-------- RECORDS FOR THIS EXERCISE
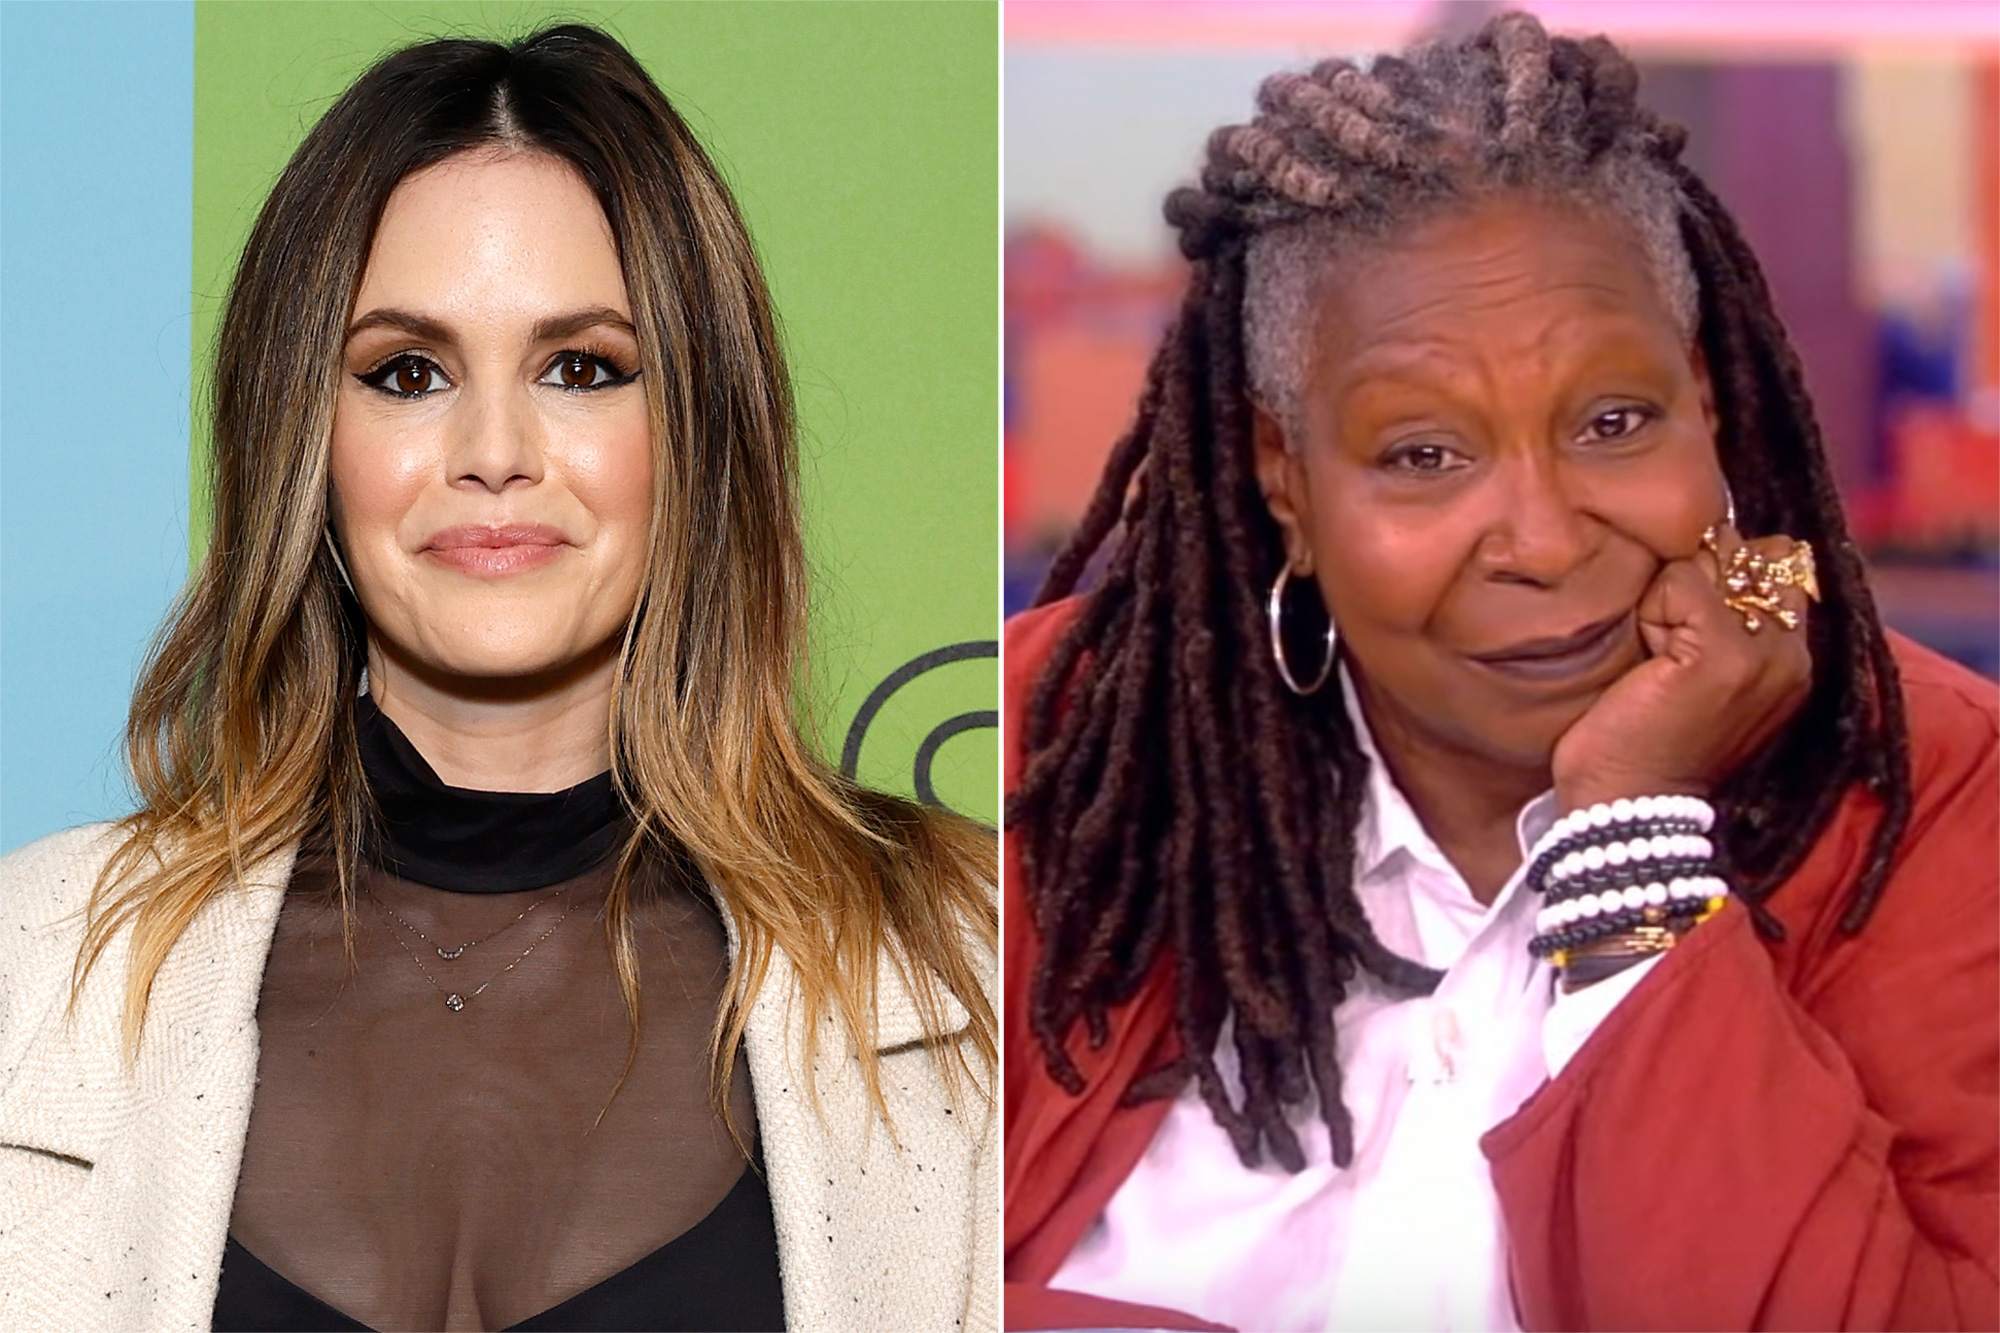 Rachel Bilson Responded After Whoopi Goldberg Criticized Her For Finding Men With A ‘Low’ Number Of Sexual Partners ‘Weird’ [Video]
----------------
-------- RECORDS FOR THIS EXERCISE
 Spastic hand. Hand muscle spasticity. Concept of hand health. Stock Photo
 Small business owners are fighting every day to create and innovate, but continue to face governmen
----------------
-------- RECORDS FOR THIS EXERCISE
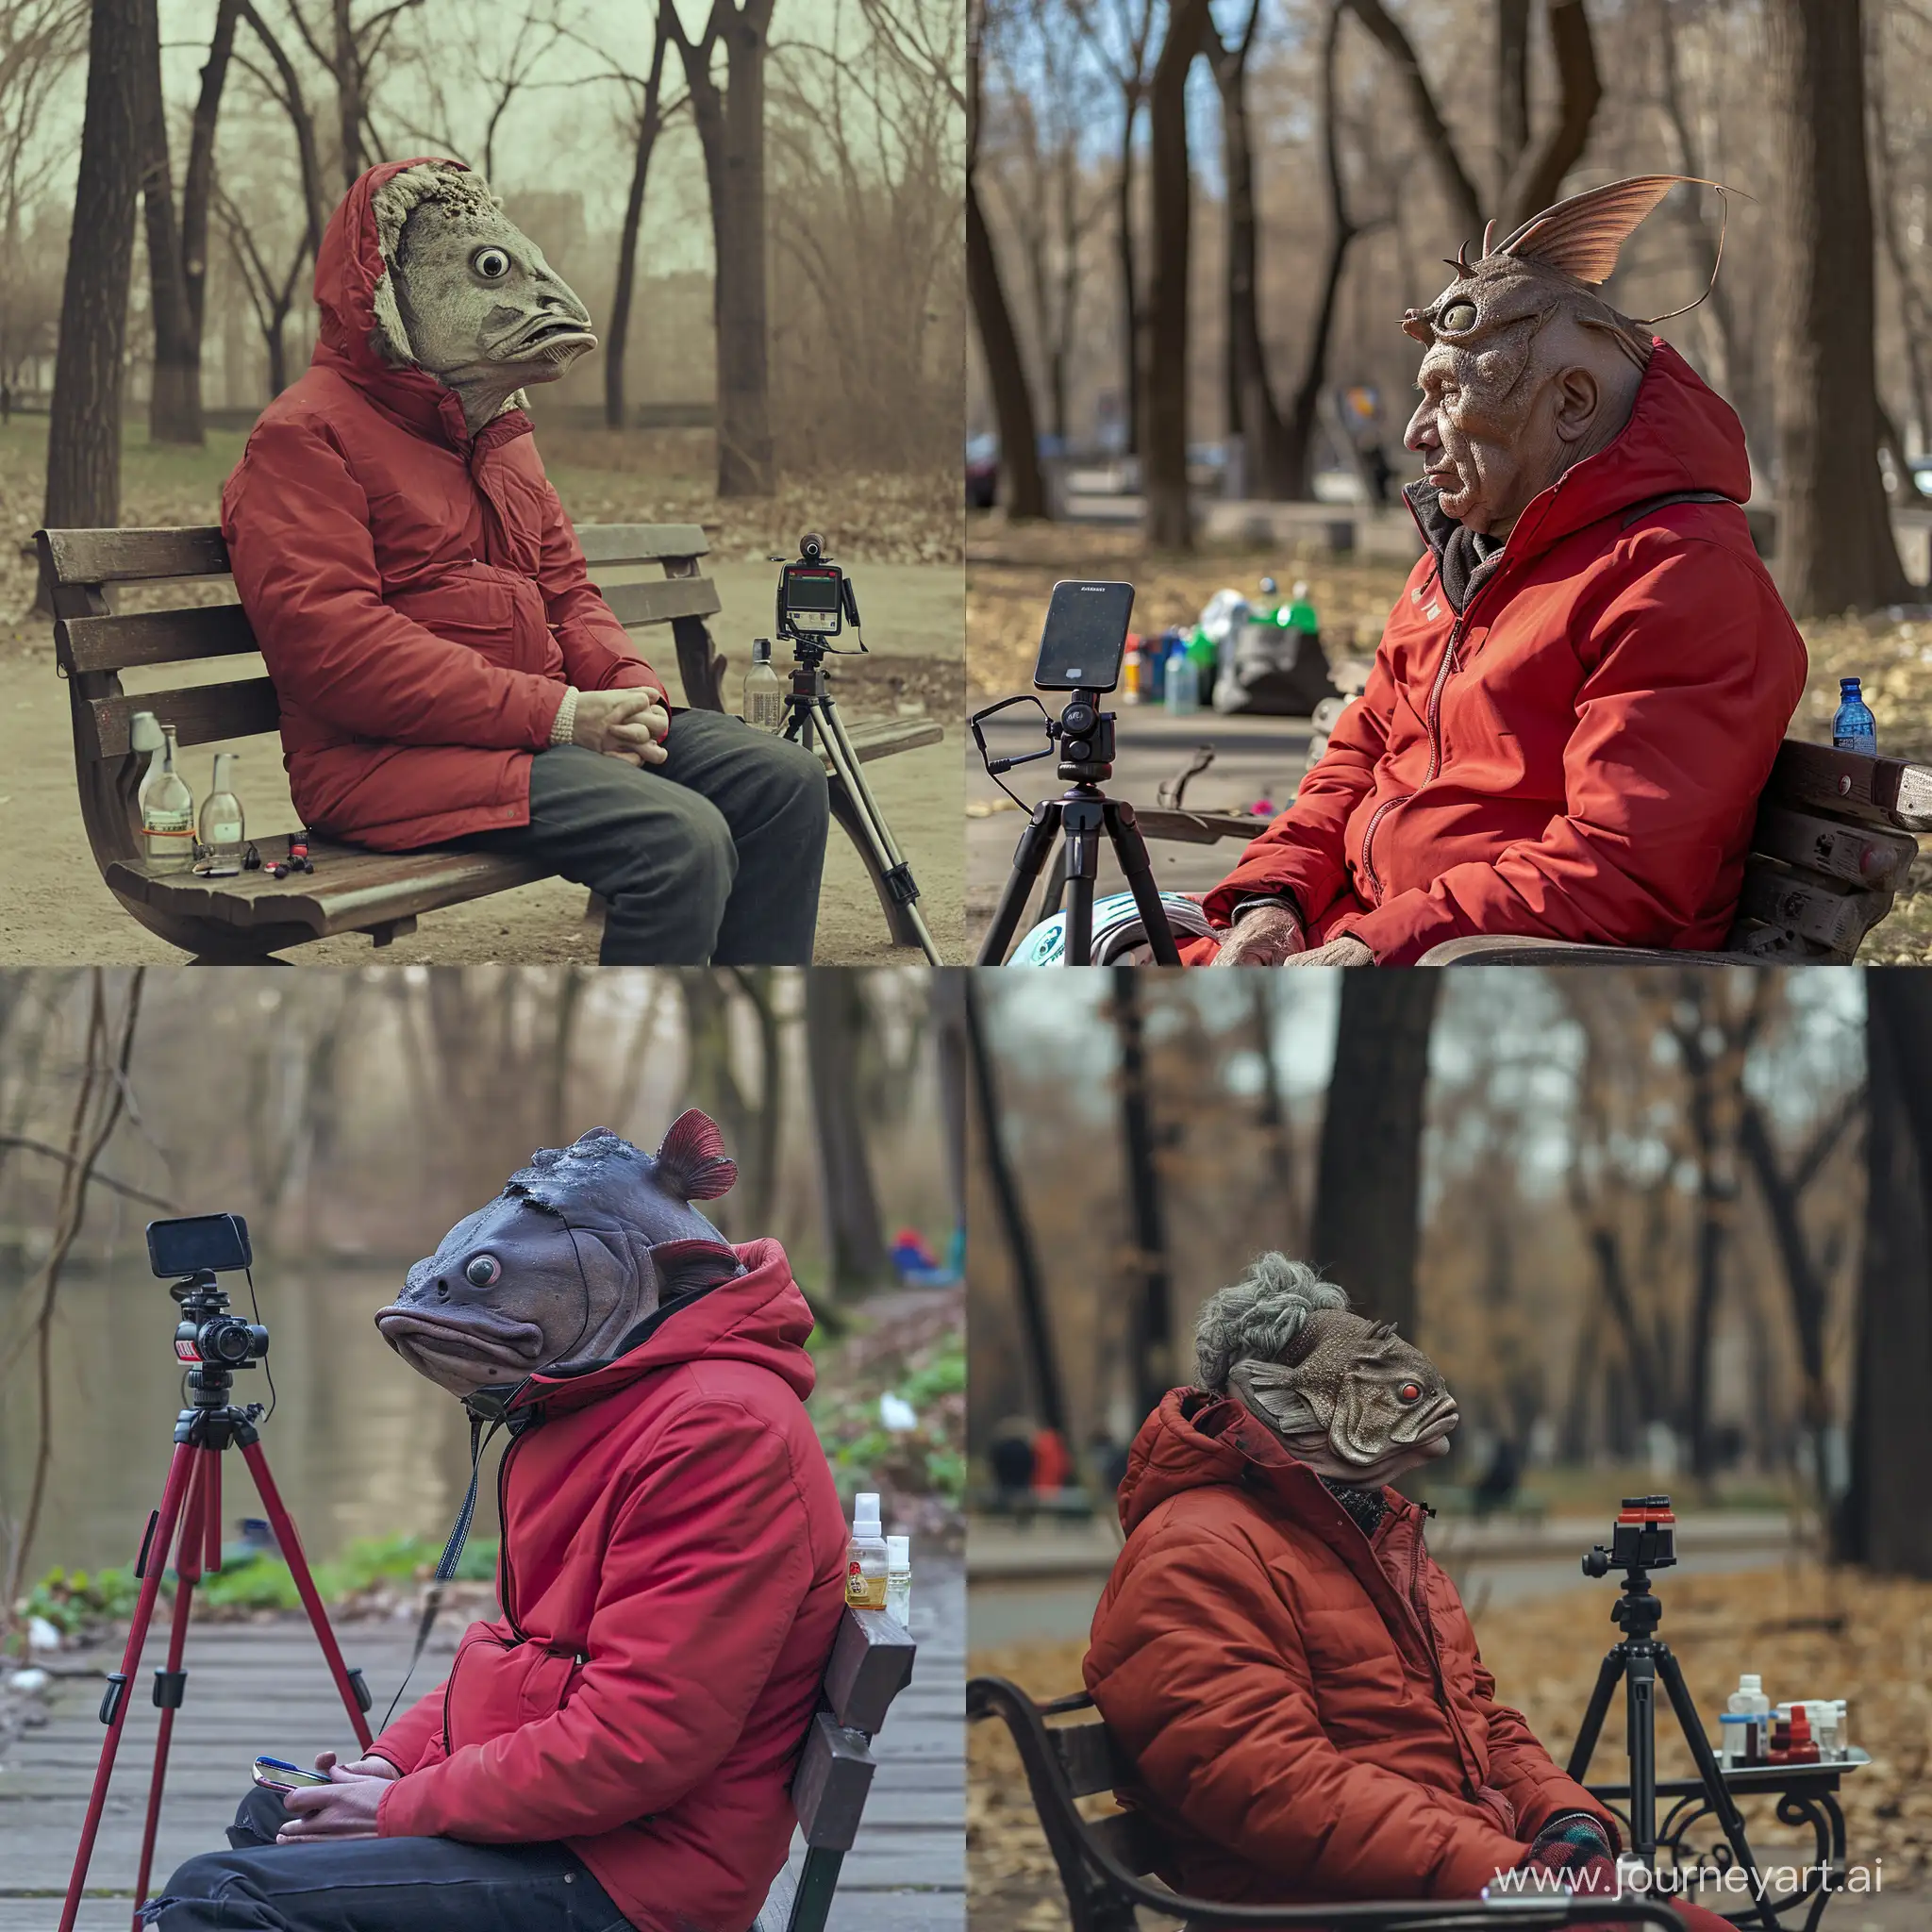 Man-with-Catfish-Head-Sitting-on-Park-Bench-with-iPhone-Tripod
----------------
INSTRUCTIONS TO FOLLOW: When the line with "Spastic hand. Hand" is reached in the data above, begin copying, and stop after the line with "Small business owners"; copy each line exactly, both ends included.

ANSWER SECTION:
 Spastic hand. Hand muscle spasticity. Concept of hand health. Stock Photo
 Small business owners are fighting every day to create and innovate, but continue to face governmen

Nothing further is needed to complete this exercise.